Жена вяло улыбнулась ему, как после обморока, и сказала:

— Ладно… Хлеба с собой возьми и картошки. Яиц я тебе в сумку положила.

— Спасибо, — сказал Коньков, хотя никогда раньше не говорил ей такое. — Возьму.

Он подошел и, проведя рукой по ее спине, сказал виновато:

— Дочка ведь тут… Все понимает…

Жена промолчала и закрыла глаза. Они и закрытые были у нее черными, словно угольная их чернота пропитала веки. «Оттого и тяжелый взгляд», — подумал Коньков и, дыша ей в ухо, сказал:

— Потом…


А к вечеру он вернулся. Отупевший от усталости, взмокший и провонявший свежей рыбой, он ввалился в дом и, покряхтывая, бормоча что-то, снял с плеча свою тяжелую сумку. Холщовая сумка эта, распираемая рыбой, была пропитана насквозь слизью и потемнела, и, когда Коньков, напрягшись, привалил ее к ножке стола, она повалилась набок мягко и как будто осторожно, а из нее поползли на пол, вяло дергаясь, ослизлые, обметанные белью черные окуни.

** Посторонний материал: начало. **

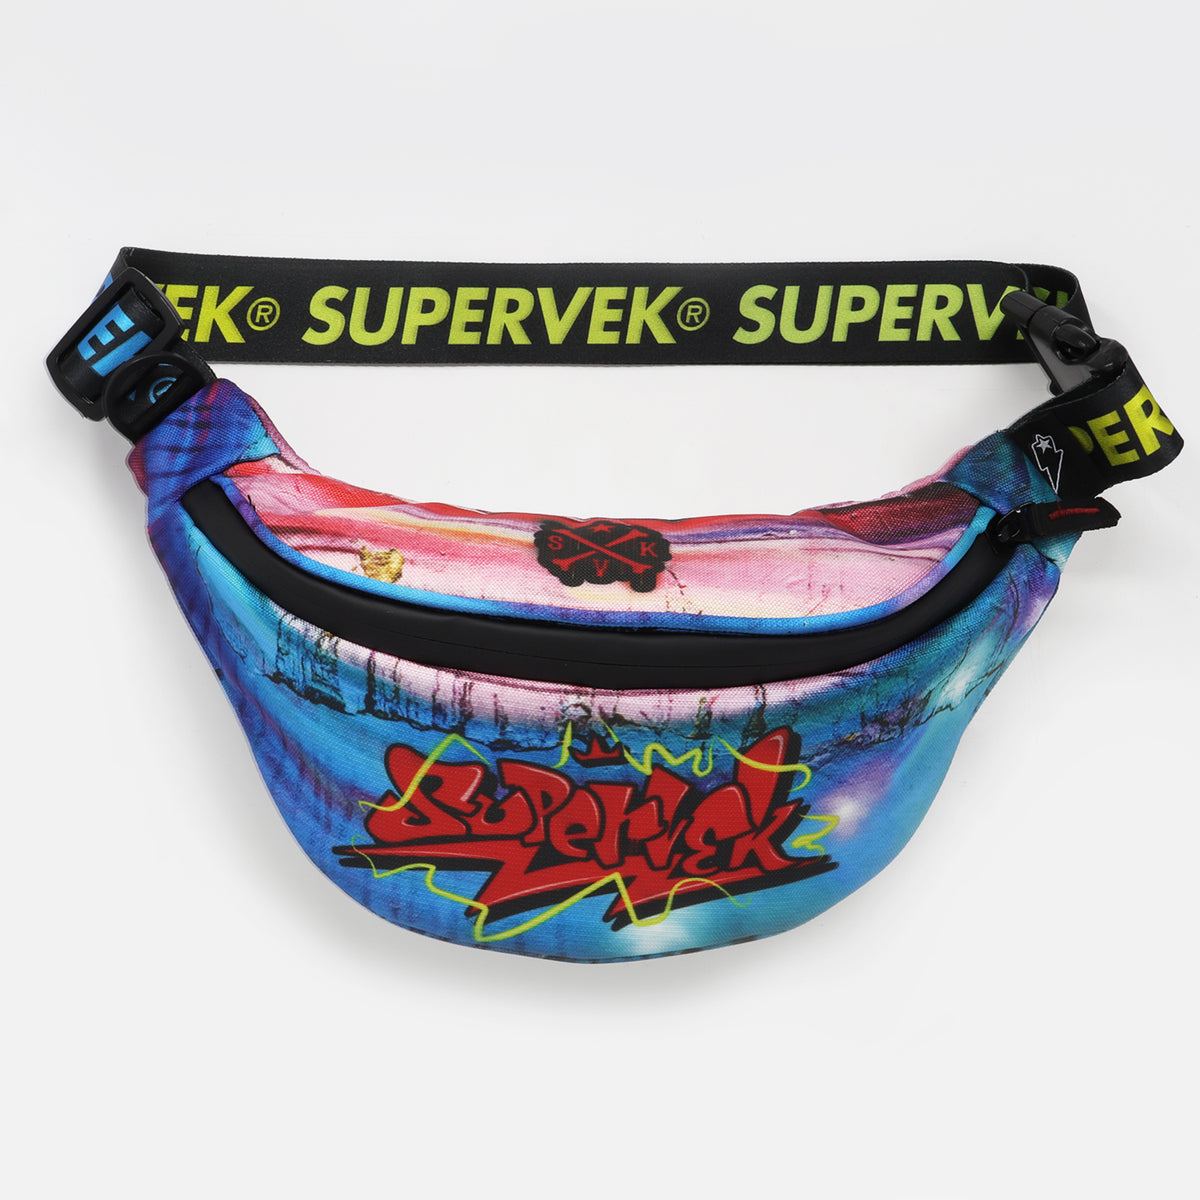 Supervek Crossbody Slinger - Graffiti - Urban Functional Fanny Hip Bag for Everyday Essentials
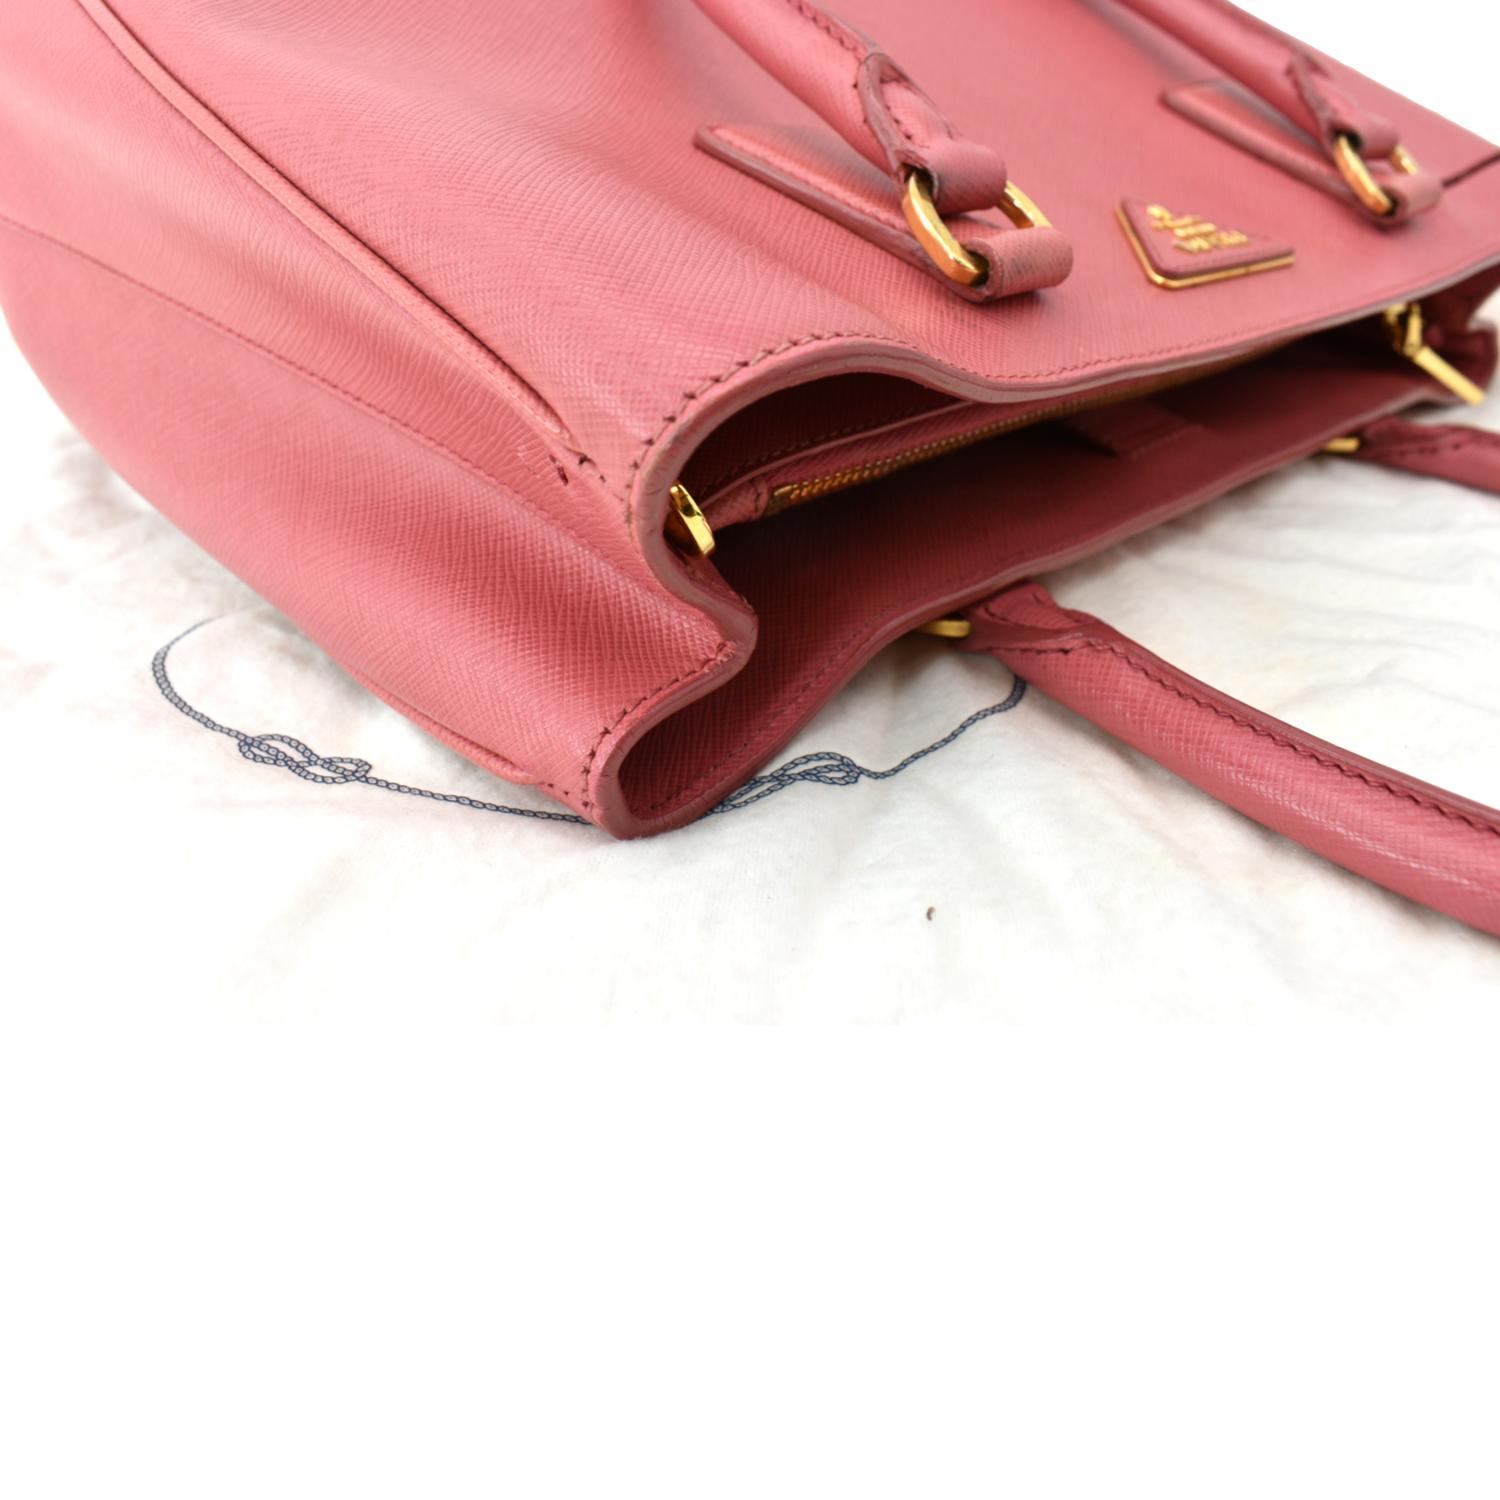 Prada Bag Large Galleria Saffiano Leather Bag With Box 675 (J839

Окуни были большие, старые, темные, точно бронированные. Было сумрачно в доме, и казалось, что окуни на полу копошились и шелестели, как раки.

И только потом Коньков заметил в доме соседку, старую женщину, которая часто приходила к жене. Она сидела на лавке гордо и прямо, а лицо ее, изрытое оспой, было одеревенелым.

«Некстати», — подумал Коньков и сказал:

— Здорово, бабк!

Она сидела у окна, будто неживая.

— Ну ладно, — сказал он бодро. — Посидела, и хватит. Приходи в другой раз.

Она покорно встала и, не прощаясь, тихо и неуклюже, как робот, пошла к двери.

— Груня, — сказала ей жена, — возьми вот рыбки.

Старуха остановилась над рыбой и, дождавшись, когда Коньков сам ей дал двух уснувших окуней, стала кланяться.

— Ступай, — сказал он. — Пожаришь за спасибо.

Старуха ушла, и Коньков позабыл о ней тут же.

— Ну вот, — сказал он жене, — рыбы принес, а ты и не рада… Или не рада, что сам пришел?

Жена его, одетая во все чистое, сидела за столом и, сложив руки на скатерти, разглядывала рыбу.

— У всех, Федя, праздник, — сказала она.

— А у нас нет? Это тебе не праздник? Глупая! Дай-ка мне тряпку какую-нибудь руки обтереть… Да корыто принеси для рыбы, чего сидишь! Ты думаешь — все?

Коньков шагнул к столу и, навалившись на скатерть грязной своей одеждой, заговорил с тревожной какой-то восторженностью:

— Не-ет, не все! Окунь пошел… Так пошел, что страшно. Это только из двух вынул, а остальные приподнял и оставил на дне… Полны!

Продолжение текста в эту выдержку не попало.